Dissertation/Thesis Abstract

Be the Change You Want To See: Social Movement Theory and the Occupy Movement
by Mutuku, Leslie Jebet, M.A., The American University of Paris (France), 2013, 72; 10305835
Abstract (Summary)

On September 17, 2011, the Occupy Movement erupted throughout the world. In the United States, the movement began in the financial district of New York City and spread to other cities around the country. The movement highlights issues of inequality, unemployment, debt, and corporate personhood in American society, which have produced socio-economic strains to citizens who are non-elite. Analysis of Occupy through social movement theory and the political process model demonstrates the factors and elements that led to the emergence of this movement and its development over time. However, there is a missing link in the Occupy Movement which is the lack of institutionalized organizational strength to support its efforts and as a result, the movement has waned and is making less change to the status quo in American society.

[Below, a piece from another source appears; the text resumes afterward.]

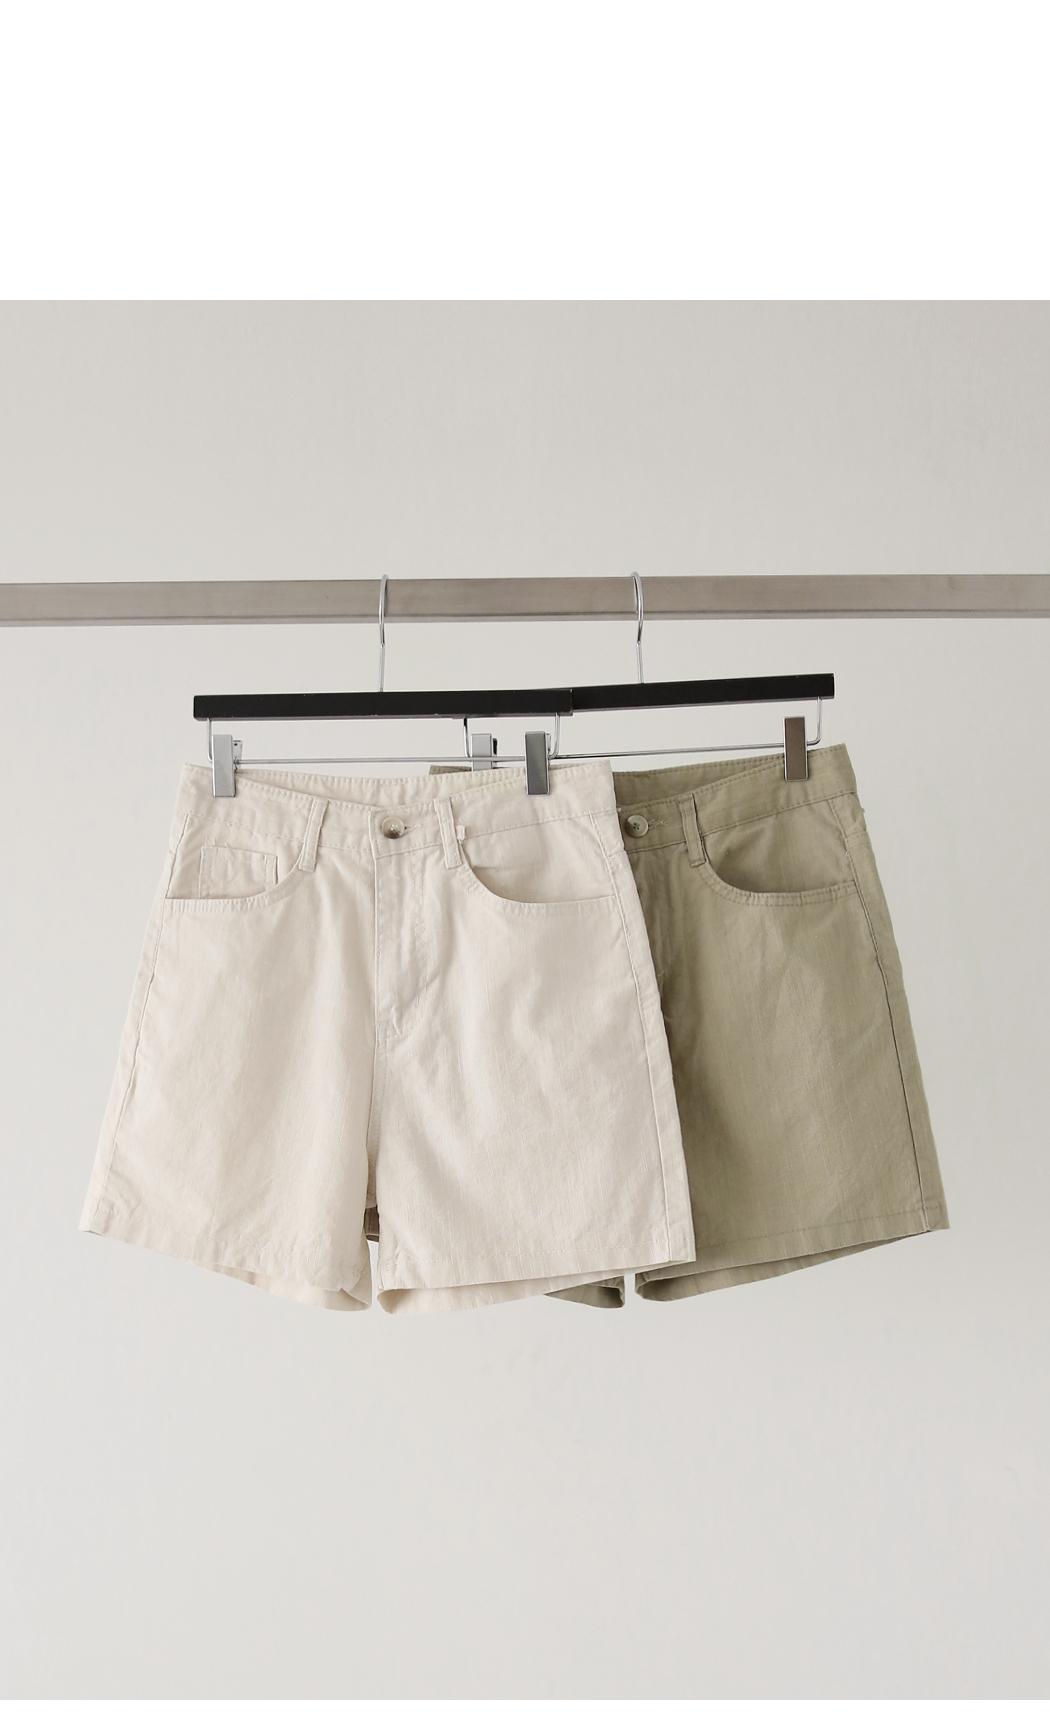 Linen-like cotton shorts

When compared to the Civil Rights Movement of 1964, a monumental movement in the United States for American-African Rights that was successful due to a number of factors but particularly the presence of indigenous organizational strength, the Occupy Movement is lacking the same support and it has yet to reach the level of success of the Civil Rights Movement. This dissertation illuminates the Occupy’s materialization and growth using the political process model due to a broken social contract and aims to explain that the lack of indigenous support from established organizations is the missing link and the challenge in achieving the goals of the Occupy Movement. This is done through theoretical analysis and a fictional narrative in order to capture the reality of activists in the Occupy Movement.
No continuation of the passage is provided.